O coordenador do Núcleo Especializado de Assistência e Defesa ao Preso (Nadep), Guilherme Vilela, e o defensor público Daniel Felício estiveram na Casa de Prisão Provisória de Paraíso (CPP) para verificar a situação dos presos. Os detentos reclamaram que as roupas haviam sido recolhidas e também que não estavam recebendo visitas dos familiares, após princípio de rebelião na unidade.

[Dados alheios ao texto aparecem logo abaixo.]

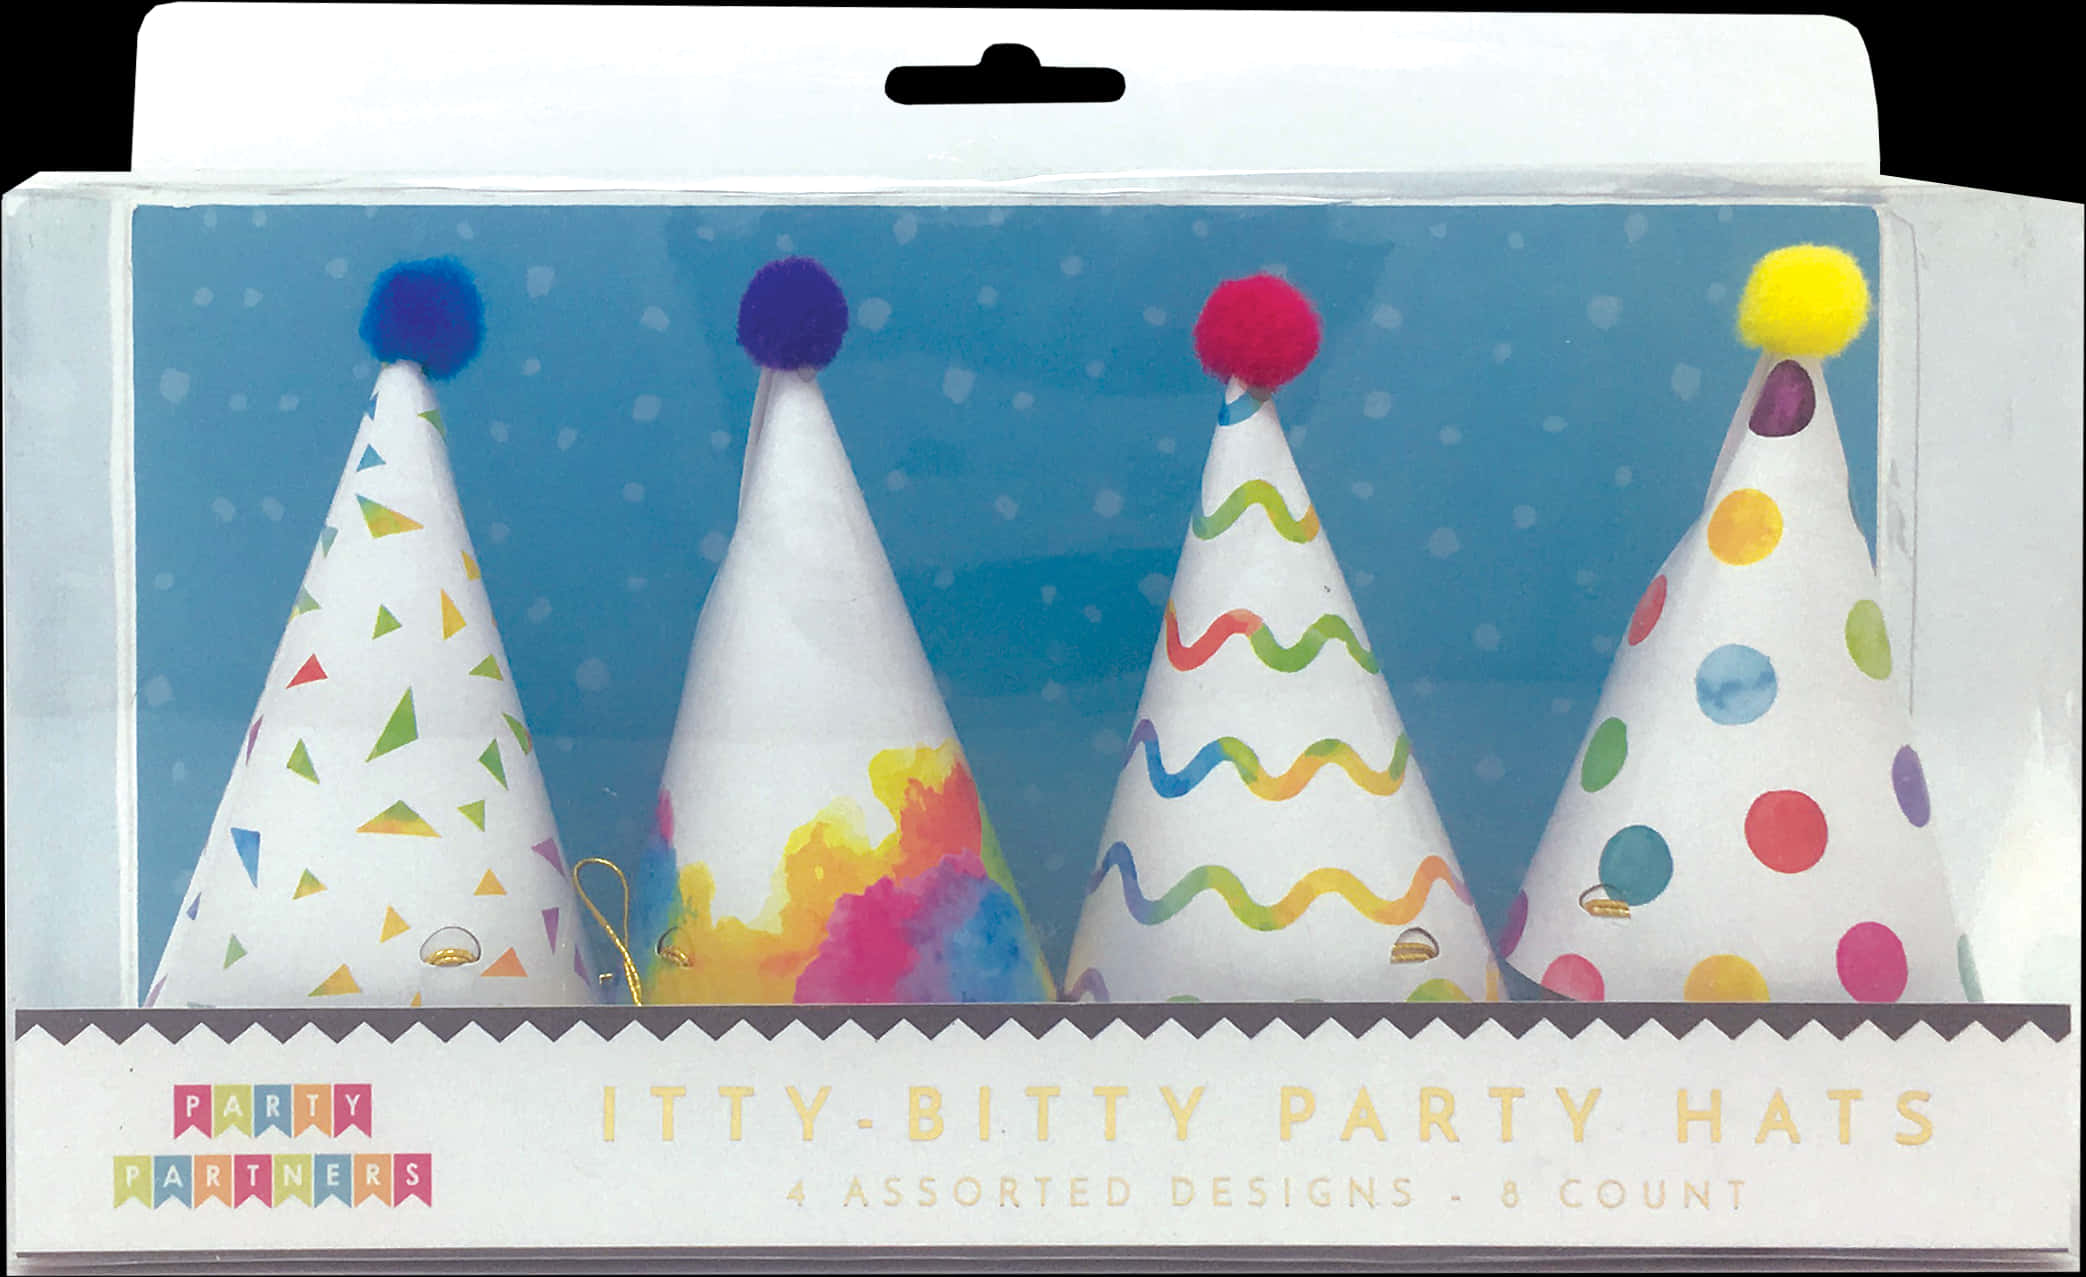 A Group Of Party Hats In A Package

Familiares buscaram atendimento na Defensoria Pública por não conseguirem contato com os detentos e nem as reais condições do local, isso devido o ocorrido no dia 10 deste mês, quando colchões foram queimados e parte de algumas celas danificadas.

O responsável pela Unidade Prisional informou aos Defensores Públicos que não houve confrontos, os presos foram deslocados para a área do banho de sol, e que os policiais presentes fizeram o serviço apenas de contenção e preventivo de fugas.

Em relação às vestimentas, ainda quando da presença da equipe da Defensoria Pública, o diretor da unidade se dispôs a entregar as que não foram queimadas e ainda trabalhar numa escala para que as visitas possam ser realizadas.

“A vistoria foi motivada pela incomunicabilidade entre os assistidos e seus familiares após o princípio de rebelião em que foram queimados colchões e roupas. A direção da casa de prisão provisória justifica que houve a suspensão da visitação em virtude dos danos causados em algumas celas, mas, assim que concluídas as obras emergenciais, as visitam serão restabelecidas”, disse Guilherme Vilela.

Em entrevista com os assistidos, acrescentou Vilela, constatou-se a reclamação de falta de roupas. “Todos relataram que foi preciso ficar de cuecas por dois dias assim que debelado o princípio de rebelião. Após, foram entregues poucas roupas aos presos, mas no momento da inspeção eles relataram que usavam a mesma bermuda e camiseta por quatro dias, pois não dispunham de outras peças de roupas”, destacou.

Ainda de acordo com o coordenador do Nadep é oportuno apontar que a Casa de Prisão Provisória de Paraíso não fornece uniformes para os assistidos e por esse motivo, a direção do estabelecimento autorizou que os familiares dos poderiam levar roupas na unidade penal no período de segunda a sexta-feira. Como muitos detentos não dispõem de familiares na localidade, contam com a solidariedade de colegas de cela para que dividam as poucas roupas que recebem.

Omissão Estatal

Por fim, a equipe da Defensoria Pública fez o registro da insuficiência de colchões e redes para todos os detentos dormirem, bem como de kits de higiene (sabonete, papel higiênico, desodorantes em creme, escova e creme dental). No entanto, esta omissão estatal tem sido uma constante em todo o Estado do Tocantins, fato este que motivou no lançamento de uma campanha pela Defensoria Pública visando à arrecadação de kits de higiene (condição necessária à inscrição no II Seminário do Tribunal do Júri) que serão entregues as mulheres encarceradas.

Capacidade

Na CPP de Paraíso são nove celas masculinas e a capacidade é para 50 presos, atualmente estão no local 124, outros 32 foram transferidos provisoriamente para outras unidades prisionais até que a reforma do local seja concluída.